TASK ITEM:
Your task is to reproduce exactly the lines that run from the beginning of the data through the line where "Dr. Jiaqi Ma" appears.
———
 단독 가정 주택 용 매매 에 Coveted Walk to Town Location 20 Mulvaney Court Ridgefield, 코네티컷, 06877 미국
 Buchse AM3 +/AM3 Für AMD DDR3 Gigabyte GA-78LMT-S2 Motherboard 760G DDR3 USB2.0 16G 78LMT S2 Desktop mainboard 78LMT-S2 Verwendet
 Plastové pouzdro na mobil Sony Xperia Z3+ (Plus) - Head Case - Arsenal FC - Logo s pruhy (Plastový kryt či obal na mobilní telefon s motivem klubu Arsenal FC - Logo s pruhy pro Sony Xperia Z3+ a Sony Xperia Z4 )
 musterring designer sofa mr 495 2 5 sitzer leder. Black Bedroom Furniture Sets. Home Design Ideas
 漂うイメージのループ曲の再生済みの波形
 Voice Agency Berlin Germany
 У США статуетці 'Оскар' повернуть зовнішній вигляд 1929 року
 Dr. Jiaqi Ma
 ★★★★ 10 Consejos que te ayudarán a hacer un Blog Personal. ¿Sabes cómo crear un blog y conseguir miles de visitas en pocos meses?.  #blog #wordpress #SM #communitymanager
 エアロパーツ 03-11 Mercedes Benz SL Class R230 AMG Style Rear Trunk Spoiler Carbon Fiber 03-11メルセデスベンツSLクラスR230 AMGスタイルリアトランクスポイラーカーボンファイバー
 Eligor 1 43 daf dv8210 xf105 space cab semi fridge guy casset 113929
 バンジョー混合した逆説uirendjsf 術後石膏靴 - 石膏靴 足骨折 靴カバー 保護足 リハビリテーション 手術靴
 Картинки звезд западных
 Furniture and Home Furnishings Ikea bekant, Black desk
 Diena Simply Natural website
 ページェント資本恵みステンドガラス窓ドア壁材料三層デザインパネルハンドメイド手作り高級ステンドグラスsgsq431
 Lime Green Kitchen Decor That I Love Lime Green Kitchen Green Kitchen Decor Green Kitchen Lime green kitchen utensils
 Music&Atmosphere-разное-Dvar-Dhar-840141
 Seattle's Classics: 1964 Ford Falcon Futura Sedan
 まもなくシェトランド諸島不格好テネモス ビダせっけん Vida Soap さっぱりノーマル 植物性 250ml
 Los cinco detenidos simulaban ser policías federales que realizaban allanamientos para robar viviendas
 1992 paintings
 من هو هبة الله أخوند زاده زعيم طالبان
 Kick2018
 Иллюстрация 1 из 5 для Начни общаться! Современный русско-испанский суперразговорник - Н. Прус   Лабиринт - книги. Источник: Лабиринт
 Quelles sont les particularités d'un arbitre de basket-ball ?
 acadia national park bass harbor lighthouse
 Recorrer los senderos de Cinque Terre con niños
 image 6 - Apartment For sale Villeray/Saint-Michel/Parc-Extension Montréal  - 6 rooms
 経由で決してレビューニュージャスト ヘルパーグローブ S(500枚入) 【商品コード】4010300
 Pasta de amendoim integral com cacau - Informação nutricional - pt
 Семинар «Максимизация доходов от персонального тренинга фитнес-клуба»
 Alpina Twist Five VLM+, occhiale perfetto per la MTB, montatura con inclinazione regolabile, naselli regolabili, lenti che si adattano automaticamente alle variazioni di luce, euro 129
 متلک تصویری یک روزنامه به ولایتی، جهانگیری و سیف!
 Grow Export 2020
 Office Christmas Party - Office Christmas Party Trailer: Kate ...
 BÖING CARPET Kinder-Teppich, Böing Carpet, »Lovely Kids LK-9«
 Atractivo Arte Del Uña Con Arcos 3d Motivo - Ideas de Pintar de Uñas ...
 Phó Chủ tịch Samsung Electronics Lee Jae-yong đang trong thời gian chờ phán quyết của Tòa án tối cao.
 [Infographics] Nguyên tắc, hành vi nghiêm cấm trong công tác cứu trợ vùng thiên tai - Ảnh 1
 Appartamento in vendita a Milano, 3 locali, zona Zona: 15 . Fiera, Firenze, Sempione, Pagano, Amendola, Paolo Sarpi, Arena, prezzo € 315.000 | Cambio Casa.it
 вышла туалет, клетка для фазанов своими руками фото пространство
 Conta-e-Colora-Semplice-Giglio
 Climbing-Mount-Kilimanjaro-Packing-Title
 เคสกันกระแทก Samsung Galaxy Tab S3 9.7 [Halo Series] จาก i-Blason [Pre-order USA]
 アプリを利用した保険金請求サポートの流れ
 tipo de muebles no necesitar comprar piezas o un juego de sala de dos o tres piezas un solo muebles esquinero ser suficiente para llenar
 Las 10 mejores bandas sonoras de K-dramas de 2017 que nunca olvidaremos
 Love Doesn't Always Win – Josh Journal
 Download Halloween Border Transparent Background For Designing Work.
———
EXERCISE RESPONSE:
 단독 가정 주택 용 매매 에 Coveted Walk to Town Location 20 Mulvaney Court Ridgefield, 코네티컷, 06877 미국
 Buchse AM3 +/AM3 Für AMD DDR3 Gigabyte GA-78LMT-S2 Motherboard 760G DDR3 USB2.0 16G 78LMT S2 Desktop mainboard 78LMT-S2 Verwendet
 Plastové pouzdro na mobil Sony Xperia Z3+ (Plus) - Head Case - Arsenal FC - Logo s pruhy (Plastový kryt či obal na mobilní telefon s motivem klubu Arsenal FC - Logo s pruhy pro Sony Xperia Z3+ a Sony Xperia Z4 )
 musterring designer sofa mr 495 2 5 sitzer leder. Black Bedroom Furniture Sets. Home Design Ideas
 漂うイメージのループ曲の再生済みの波形
 Voice Agency Berlin Germany
 У США статуетці 'Оскар' повернуть зовнішній вигляд 1929 року
 Dr. Jiaqi Ma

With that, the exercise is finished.